Whether to use log frequency of categorical levels in conditional sampling.

Defaults to `True`.

This argument affects how the model processes the frequencies of the categorical
values that are used to condition the rest of the values. In some cases,
changing it to `False` could lead to better performance.

### Neural Network dimensions

`CTGAN` has the following hyperparameters that allow you to control the
size of the different layers that compose its neural networks:

- embedding_dim (int): Size of the random sample passed to the Generator. Defaults to 128.
- gen_dim (tuple or list of ints): Size of the output samples for each one of the Residuals.
  A Resiudal Layer will be created for each one of the values provided. Defaults to (256, 256).
- dis_dim (tuple or list of ints): Size of the output samples for each one of the Discriminator
  Layers. A Linear Layer will be created for each one of the values provided. Defaults to (256, 256).

### l2scale

The `l2scale` argument, which defaults to `1e-6`, sets the wheight Decay of the Adam Optimizer
used to optimize the Neural Networks.

### verbose

Whether to print fit progress on stdout. Defaults to `False`.

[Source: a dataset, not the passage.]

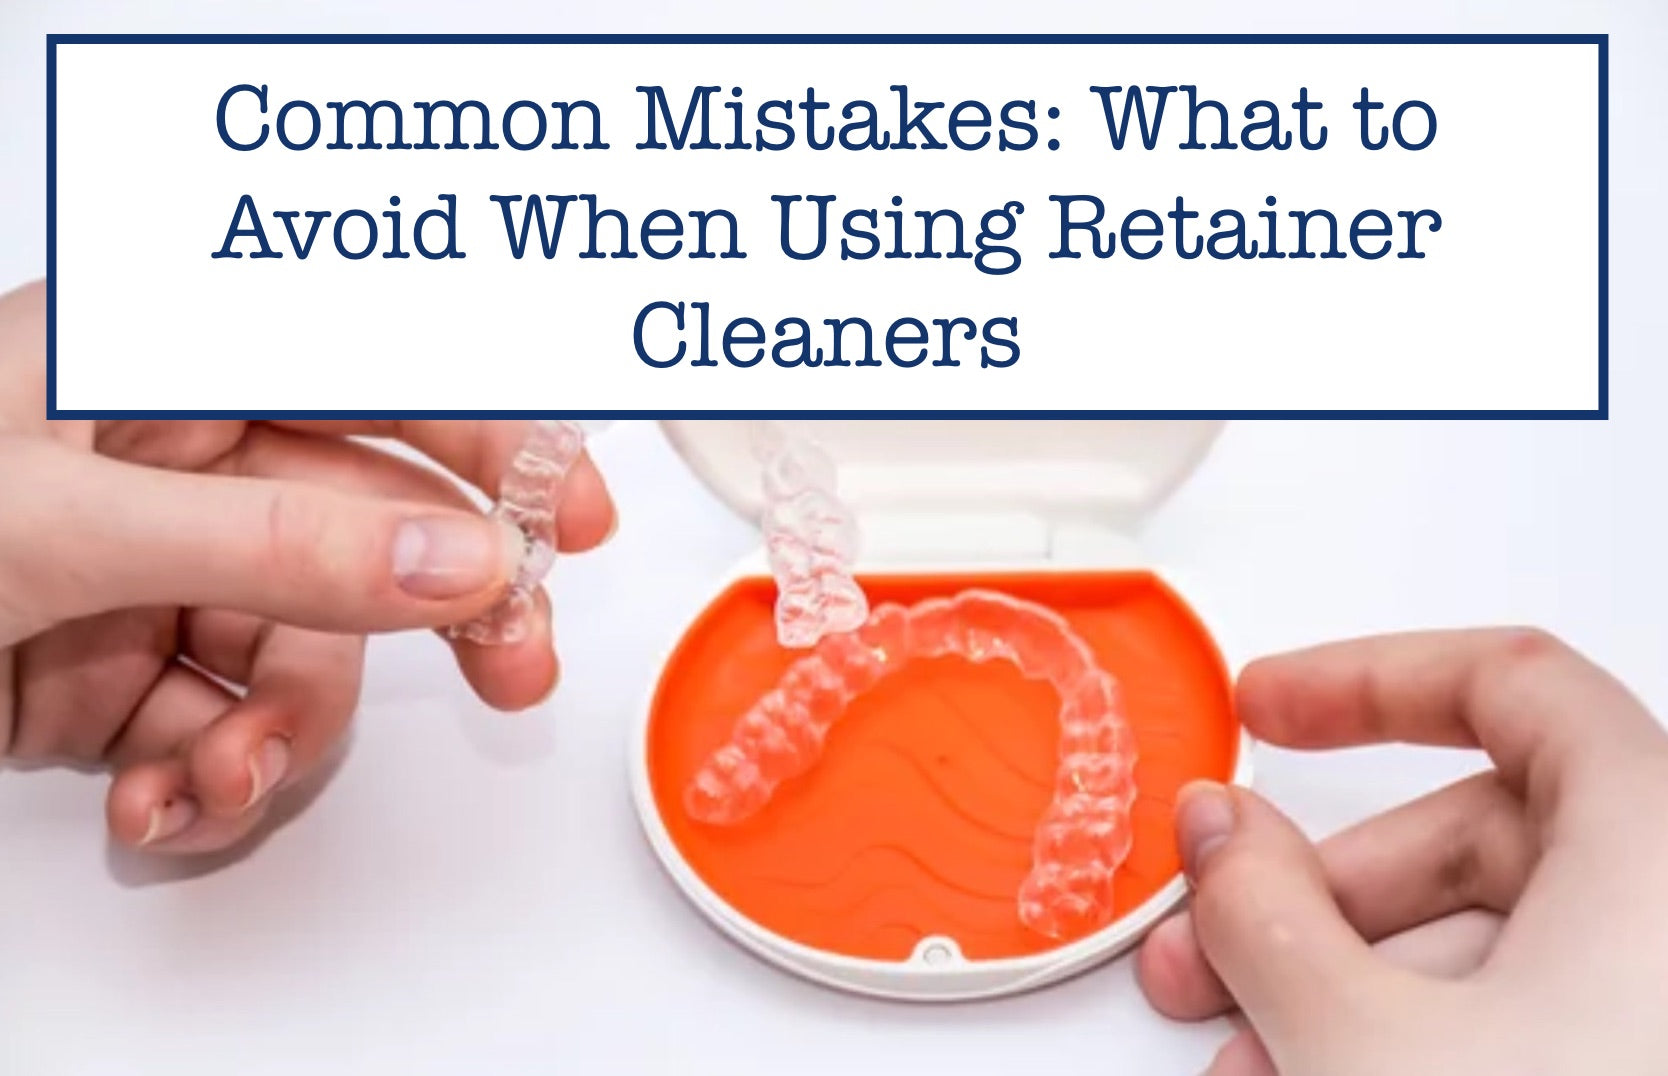 Common Mistakes: What to Avoid When Using Retainer Cleaners

<div class="alert alert-warning">
    
**WARNING**
    
The value that you set on the `batch_size` argument must always be
a multiple of `10`!

</div>

As an example, we will try to fit the `CTGAN` model slightly increasing the number of epochs,
reducing the `batch_size`, adding one additional layer to the models involved and using a
smaller wright decay.

Before we start, we will evaluate the qualtiy of the previously generated data using the
`sdv.evaluation.evaluate` function

In [7]:
from sdv.evaluation import evaluate

evaluate(new_data, data)

-132.95529047945246

Afterwards, we create a new instance of the `CTGAN` model with the
hyperparameter values that we want to use

In [13]:
model = CTGAN(
    primary_key='student_id',
    epochs=500,
    batch_size=100,
    gen_dim=(256, 256, 256),
    dis_dim=(256, 256, 256),
    l2scale=1e-07
)

And fit to our data.

In [14]:
model.fit(data)

Finally, we are ready to generate new data and evaluate the results.

In [15]:
new_data = model.sample(len(data))

In [16]:
new_data

Unnamed: 0,student_id,gender,second_perc,high_perc,high_spec,degree_perc,degree_type,work_experience,experience_years,employability_perc,mba_spec,mba_perc,salary,placed,start_date,end_date,duration
0,0,M,77.515473,116.747455,Commerce,73.592690,Comm&Mgmt,True,0,65.583448,Mkt&Fin,73.380323,31583.650209,True,NaT,2020-12-13 03:50:33.613757184,3.0
1,1,M,74.477053,102.006808,Science,69.975020,Comm&Mgmt,False,2,71.767375,Mkt&Fin,68.596593,32732.459478,True,2020-02-20 18:37:23.758584576,NaT,
2,2,M,94.315061,65.595406,Commerce,78.327972,Comm&Mgmt,False,1,106.978161,Mkt&Fin,66.399862,32353.245636,True,2020-02-28 06:51:15.425168384,NaT,3.0
3,3,F,83.955873,88.867142,Commerce,73.663499,Comm&Mgmt,False,1,105.845540,Mkt&Fin,67.277985,30465.561060,True,NaT,2020-12-19 21:23:16.062616576,
4,4,M,90.502278,94.096468,Commerce,52.351108,Comm&Mgmt,False,0,112.966196,Mkt&HR,62.794439,,True,2020-02-08 09:28:27.879909376,2020-12-10 17:11:43.361209344,12.0
...,...,...,...,...,...,...,...,...,...,...,...,...,...,...,...,...,...
210,210,F,86.579575,81.148341,Commerce,45.945317,Comm&Mgmt,False,0,72.403539,Mkt&Fin,63.897002,,True,2020-02-05 22:11:20.351433984,2020-10-24 08:25:34.983526912,
211,211,F,72.217464,72.405834,Commerce,64.917737,Sci&Tech,True,1,97.965395,Mkt&Fin,58.194729,,False,2020-03-08 23:59:00.229267712,2020-10-06 07:31:12.930507776,3.0
212,212,F,73.701105,72.239221,Commerce,47.869824,Comm&Mgmt,True,0,69.900527,Mkt&HR,61.086874,,True,2020-03-02 19:58:31.763453440,2021-03-01 17:38:19.501878016,3.0
213,213,M,91.916320,93.888259,Arts,52.732050,Comm&Mgmt,True,0,80.843845,Mkt&Fin,79.914218,33358.673626,True,2020-01-04 00:32:55.122470912,2020-08-31 05:23:08.366545920,6.0


In [17]:
from sdv.evaluation import evaluate

evaluate(new_data, data)

-140.10961406207406

As we can see, in this case these modifications changed the obtained results slightly,
but they did neither introduce dramatic changes in the performance.